**TO DO**: Start with the first line of the material. Repeat each line exactly through the one that contains "1 pcs de la".

**DATA FOR THIS TASK**:
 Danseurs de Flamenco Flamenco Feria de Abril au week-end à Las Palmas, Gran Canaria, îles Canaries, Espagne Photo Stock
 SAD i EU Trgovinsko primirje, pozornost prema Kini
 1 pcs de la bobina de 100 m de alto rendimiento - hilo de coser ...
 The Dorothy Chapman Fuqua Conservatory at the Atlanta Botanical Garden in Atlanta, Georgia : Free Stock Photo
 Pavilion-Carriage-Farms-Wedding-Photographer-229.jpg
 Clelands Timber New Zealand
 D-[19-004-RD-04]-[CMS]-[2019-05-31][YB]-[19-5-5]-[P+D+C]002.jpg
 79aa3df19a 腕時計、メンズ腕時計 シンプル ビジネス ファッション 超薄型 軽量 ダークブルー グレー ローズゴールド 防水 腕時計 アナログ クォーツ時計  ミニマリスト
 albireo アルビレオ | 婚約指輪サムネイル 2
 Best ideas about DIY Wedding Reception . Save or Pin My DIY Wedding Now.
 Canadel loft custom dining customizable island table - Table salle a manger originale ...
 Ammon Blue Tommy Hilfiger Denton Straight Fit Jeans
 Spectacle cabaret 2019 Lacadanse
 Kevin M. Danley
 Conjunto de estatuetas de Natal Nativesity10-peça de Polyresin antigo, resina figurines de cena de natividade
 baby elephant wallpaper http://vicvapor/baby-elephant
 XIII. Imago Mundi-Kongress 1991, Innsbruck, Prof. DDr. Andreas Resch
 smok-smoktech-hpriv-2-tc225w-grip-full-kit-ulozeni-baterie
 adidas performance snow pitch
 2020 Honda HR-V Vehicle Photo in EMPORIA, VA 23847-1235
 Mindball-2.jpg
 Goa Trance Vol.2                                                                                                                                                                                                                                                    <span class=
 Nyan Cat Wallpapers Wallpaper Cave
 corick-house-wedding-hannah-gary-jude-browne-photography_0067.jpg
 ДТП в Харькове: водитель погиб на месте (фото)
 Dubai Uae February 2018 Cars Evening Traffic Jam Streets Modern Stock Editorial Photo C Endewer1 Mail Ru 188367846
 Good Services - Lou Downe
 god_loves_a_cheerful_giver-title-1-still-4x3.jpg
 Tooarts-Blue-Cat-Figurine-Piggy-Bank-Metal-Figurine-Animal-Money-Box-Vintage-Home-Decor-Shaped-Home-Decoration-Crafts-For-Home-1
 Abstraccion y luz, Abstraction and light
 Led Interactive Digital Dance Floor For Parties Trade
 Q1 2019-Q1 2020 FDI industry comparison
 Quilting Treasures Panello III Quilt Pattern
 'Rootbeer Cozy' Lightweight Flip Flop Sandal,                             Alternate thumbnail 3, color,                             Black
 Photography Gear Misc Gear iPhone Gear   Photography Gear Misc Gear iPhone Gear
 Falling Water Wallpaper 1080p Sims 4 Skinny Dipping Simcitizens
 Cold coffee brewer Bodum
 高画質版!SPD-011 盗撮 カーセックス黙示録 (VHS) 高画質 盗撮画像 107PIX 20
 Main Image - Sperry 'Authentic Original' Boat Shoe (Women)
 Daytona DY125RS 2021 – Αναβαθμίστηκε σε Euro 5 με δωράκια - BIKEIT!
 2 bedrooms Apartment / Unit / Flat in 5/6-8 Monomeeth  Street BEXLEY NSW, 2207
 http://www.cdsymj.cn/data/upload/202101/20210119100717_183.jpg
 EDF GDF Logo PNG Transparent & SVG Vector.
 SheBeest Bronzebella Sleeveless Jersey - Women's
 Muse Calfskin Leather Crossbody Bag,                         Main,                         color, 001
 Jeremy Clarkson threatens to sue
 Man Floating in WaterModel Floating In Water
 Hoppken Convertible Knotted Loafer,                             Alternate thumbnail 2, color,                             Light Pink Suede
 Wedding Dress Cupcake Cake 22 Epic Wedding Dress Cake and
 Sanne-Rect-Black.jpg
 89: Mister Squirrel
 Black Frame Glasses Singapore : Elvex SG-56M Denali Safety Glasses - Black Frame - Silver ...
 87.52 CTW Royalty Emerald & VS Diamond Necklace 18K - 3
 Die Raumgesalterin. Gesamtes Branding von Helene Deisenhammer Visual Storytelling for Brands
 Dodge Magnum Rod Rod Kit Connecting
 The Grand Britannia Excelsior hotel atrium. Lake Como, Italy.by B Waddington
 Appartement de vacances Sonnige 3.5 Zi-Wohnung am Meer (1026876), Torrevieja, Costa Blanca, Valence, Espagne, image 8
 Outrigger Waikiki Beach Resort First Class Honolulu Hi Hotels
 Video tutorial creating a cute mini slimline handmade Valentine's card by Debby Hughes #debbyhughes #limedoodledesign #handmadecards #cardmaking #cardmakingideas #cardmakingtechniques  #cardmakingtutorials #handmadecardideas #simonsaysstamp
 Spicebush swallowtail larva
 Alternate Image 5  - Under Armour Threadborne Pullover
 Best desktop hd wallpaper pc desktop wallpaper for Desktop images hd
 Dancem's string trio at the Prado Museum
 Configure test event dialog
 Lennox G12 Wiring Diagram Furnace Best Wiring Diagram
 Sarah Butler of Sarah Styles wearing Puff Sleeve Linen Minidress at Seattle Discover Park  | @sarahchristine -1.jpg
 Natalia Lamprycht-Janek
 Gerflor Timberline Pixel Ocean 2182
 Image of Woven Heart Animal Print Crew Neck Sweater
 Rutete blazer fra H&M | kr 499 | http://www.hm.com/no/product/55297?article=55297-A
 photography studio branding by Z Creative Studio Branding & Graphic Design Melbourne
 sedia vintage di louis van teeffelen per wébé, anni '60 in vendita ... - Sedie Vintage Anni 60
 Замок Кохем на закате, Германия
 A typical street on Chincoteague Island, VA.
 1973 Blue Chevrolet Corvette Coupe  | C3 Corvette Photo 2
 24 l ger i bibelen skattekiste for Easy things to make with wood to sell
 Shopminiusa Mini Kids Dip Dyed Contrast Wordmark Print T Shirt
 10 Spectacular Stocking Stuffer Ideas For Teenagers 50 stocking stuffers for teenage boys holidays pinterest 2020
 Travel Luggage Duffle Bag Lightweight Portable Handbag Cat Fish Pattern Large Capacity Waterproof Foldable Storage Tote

**FINISHED EXERCISE**:
 Danseurs de Flamenco Flamenco Feria de Abril au week-end à Las Palmas, Gran Canaria, îles Canaries, Espagne Photo Stock
 SAD i EU Trgovinsko primirje, pozornost prema Kini
 1 pcs de la bobina de 100 m de alto rendimiento - hilo de coser ...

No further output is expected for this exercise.